From: Tom Johnson <johnson.tom@gmail.com>
Date: Sat, 6 Jun 2015 11:53:14 -0700
To: Holger Knublauch <holger@topquadrant.com>
Cc: RDF Data Shapes Working Group <public-data-shapes-wg@w3.org>, Corey A Harper <corey.harper@nyu.edu>
Message-ID: <CAJeHiNH39NsUNm3ChV_8khwGWagimmYU4mA37Yxr3YQrnWaYNg@mail.gmail.com>
On Thu, Jun 4, 2015 at 3:34 PM, Holger Knublauch <holger@topquadrant.com>
wrote:

>  On 6/5/2015 3:57, Tom Johnson wrote:
>
> Hi Holger (and all),
>
>  I'm a librarian with the Digital Public Library of America, a sometimes
> participant of Karen Coyle's Dublin Core Application Profiles group, and a
> likely SHACL implementer for `ruby-rdf` [1].  I've been lurking this list
> for a while, and now seems as good a time as any to jump in.
>
>  This looks really good to me, and resolves a lot of my concerns about
> the approaches discussed previously.  A couple of comments are inline.
>
>  On Wed, Jun 3, 2015 at 4:16 PM, Holger Knublauch <holger@topquadrant.com>
> wrote:
>
>> I thought more about the issue of generic scopes and filters and have
>> come up with a variation of Peter's design.

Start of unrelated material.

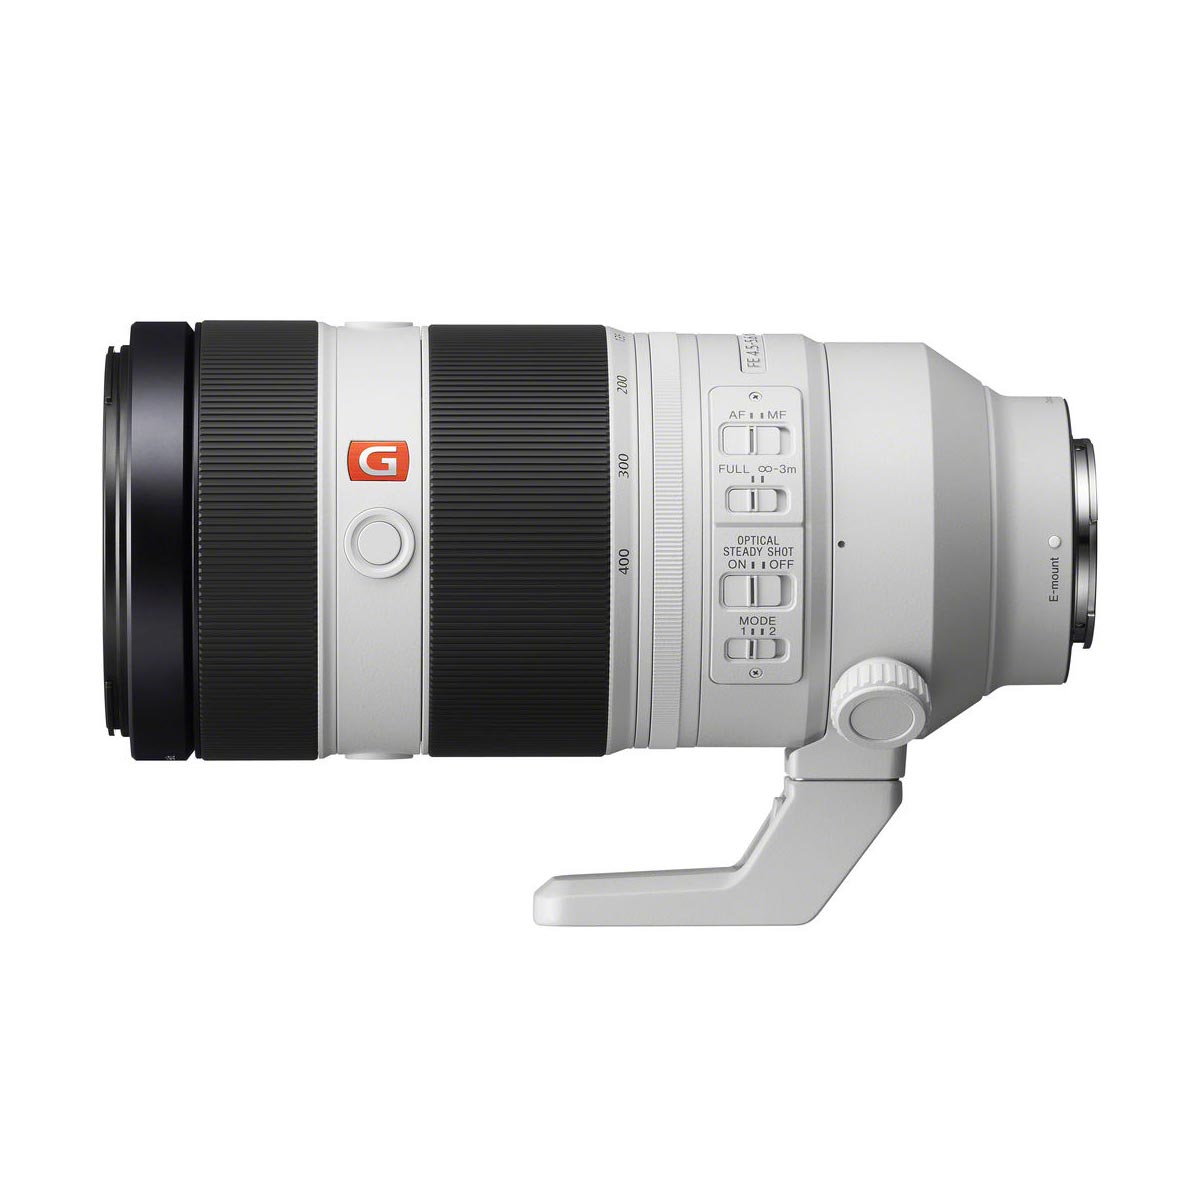 Sony FE 100-400mm f4.5-5.6 GM OSS Lens

Assuming we define
>>
>> - Scope: takes a graph as input and produces bindings for the focus node
>> (?this)
>>
>>     Graph -> focus nodes
>>
>> - Constraint: that takes a focus node as input and produces (violation)
>> results:
>>
>>     focus nodes -> results
>>
>
>  I think "Constraint" has to be defined in terms of `Graph, FocusNodes ->
> Results`, yes?  The scope selects the focus nodes from Graph, but the
> question answered by a constraint validation is whether the triples in
> Graph (as opposed to the triples in the universe) fulfill the constraint.
> Am I correct that this is the intent?
>
>
> Yes, the validation in general receives a dataset with a default graph as
> a parameter, and this is implicit in all these operations. There is another
> parameter which is the shapes graph (which may or may not be the same as
> the default graph).
>
>
Perfect, that's clarifying.

>
>  I'm interested in the question of how Graph can be selected; sometimes
> when we have discussed "Scope" in the Dublin Core group, this is what we
> mean.  The language is starting to clarify for me now, and I guess my
> questions here are:
>
>     - In a SPARQL context, can we understand Graph to be the union graph
> of all the graphs included in the dataset (i.e. G0 U G1 U ... GN)?
>
>
> Not necessarily. In some datasets, the default graph is in fact the union
> of all graphs, but we cannot rely on this fact. The default graph may be
> disjoint from all other graphs. If someone wants to execute SHACL over a
> union graph, then this needs to be prepared outside of the language, e.g.
> with a virtual union graph such as Jena's MultiUnion which then becomes the
> default graph.
>
>
Sorry, I think I wasn't very clear.  A lot of the literature on Datasets
defines them in terms of { G0, { { n1, G1}, ...{nn, Gn} } }, with G0 as the
default, nx as graph names, and G1 through Gn as the other graphs. So I was
indeed asking about the "MultiUnion" style graph, including the triples of
both the default and the named graphs.  I think I'm starting to get a
clearer picture of what you have in mind, though.

The algorithm is roughly:
  - a `validation` function that accepts an arbitrary graph (or a Dataset?
are filters and constraints that reference graph names in scope for SHACL?)
and a constraints graph (optionally, since the constraints may be extracted
from the other); and iterating over each shape calls:
    - a `scoping` function that accepts the graph to validate and a shape
sub-graph, outputting focus nodes.
  - then, iterating over each focus node and constraint, calls:
    - a `constraint` function that accepts a constraint sub-graph, a focus
node, and the original Graph, and outputs violations.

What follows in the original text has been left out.